1913 composition by Max Reger

Introduction, Passacaglia and Fugue (German: Introduction, Passacaglia und Fuge) in E minor, Op. 127, is an extended composition for organ by Max Reger, composed in 1913 and dedicated to Karl Straube who played the premiere in Breslau on 24 September. It was published in November that year in Berlin by Bote & Bock.

== History ==
Reger composed the work in Meiningen, Thuringia, Germany in April and May 1913. He wrote the organ piece with the intent for it to be performed for organ concerts, rather than for church services, called "in grand style" ("ganz großen Stils"). Reger composed the work on a commission for the opening celebrations of a new concert hall in Breslau, the Centennial Hall (Jahrhunderthalle).

Reger revived organ concert music which had become unfashionable. In Karl Straube, he had an organist and friend who was able to play technically difficult music, and to influence the composition. The markings for expression are believed to have been influenced by Straube. Reger dedicated the work to Straube who played the first performance in Breslau on 24 September 1913. The composition was published in November 2013 in Berlin by Ed. Bote & G. Bock.

== Music ==
The work is structured in three sections, the introduction, a passacaglia with 26 variations, and a double fugue. The variations build in intensity towards the fugue.

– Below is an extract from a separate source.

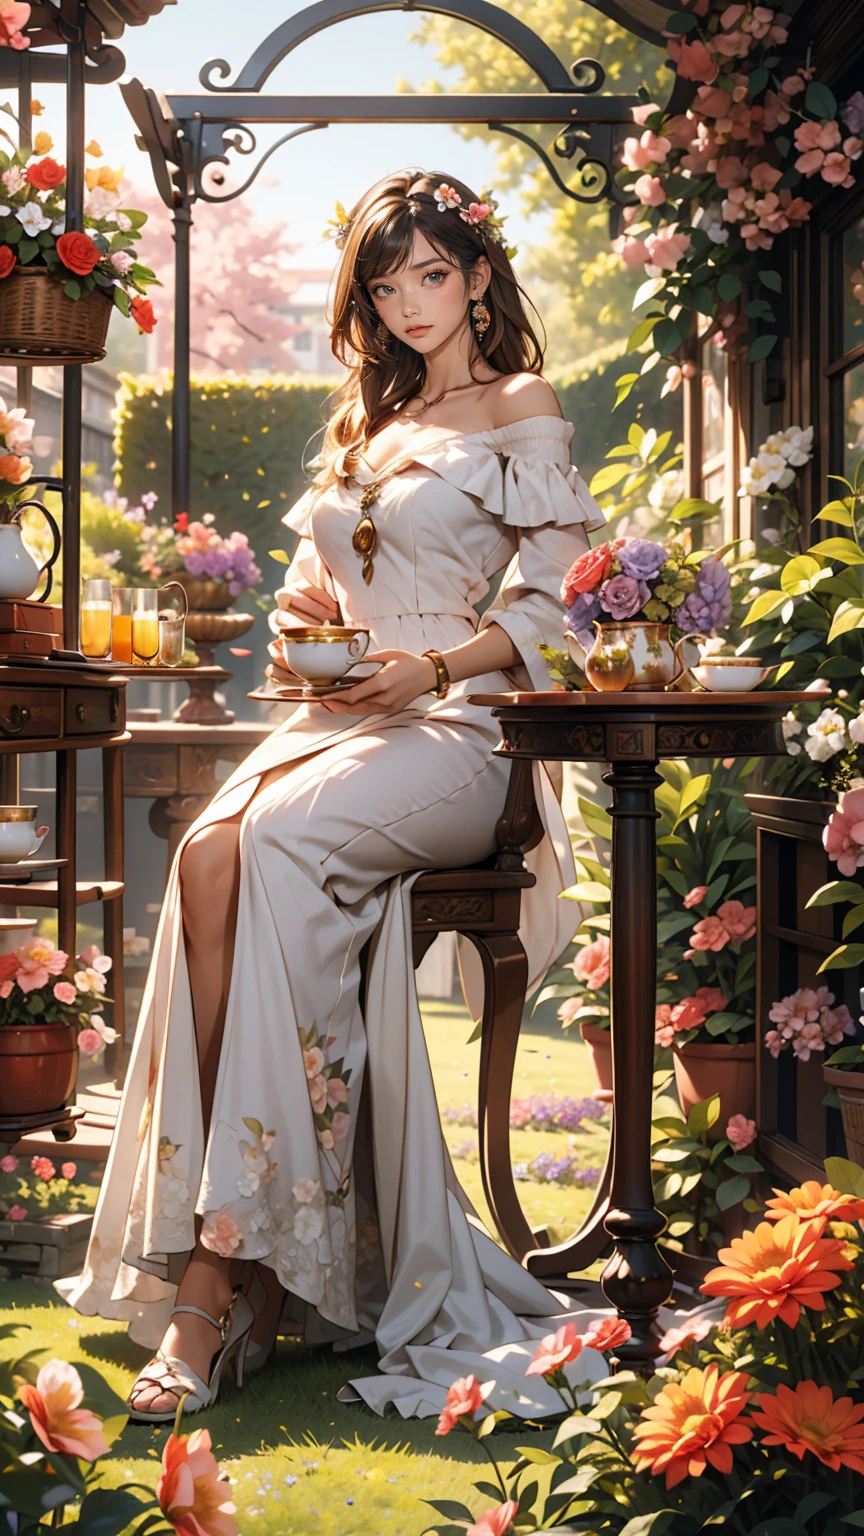 Mujer caucásica de 25 años.、Use un vestido con hombros descubiertos、sonrisa、Bonitas proporciones、En un jardín lleno de flores de colores、Hay un arco decorado con flores.、Siéntate en una mesa y disfruta de la hora del té.

The organist David Goode wrote that the introduction begins with dense chromaticism and flourishing figuration. The passacaglia is based on a theme which uses eleven of the twelve notes of the chromatic scale. 26 variations are grouped in the sections: a first, intensifying speed and texture, a second as a meditative centre, and a third, again intensifying towards the fugue. He notes Reger's "effective control of pace and excitement".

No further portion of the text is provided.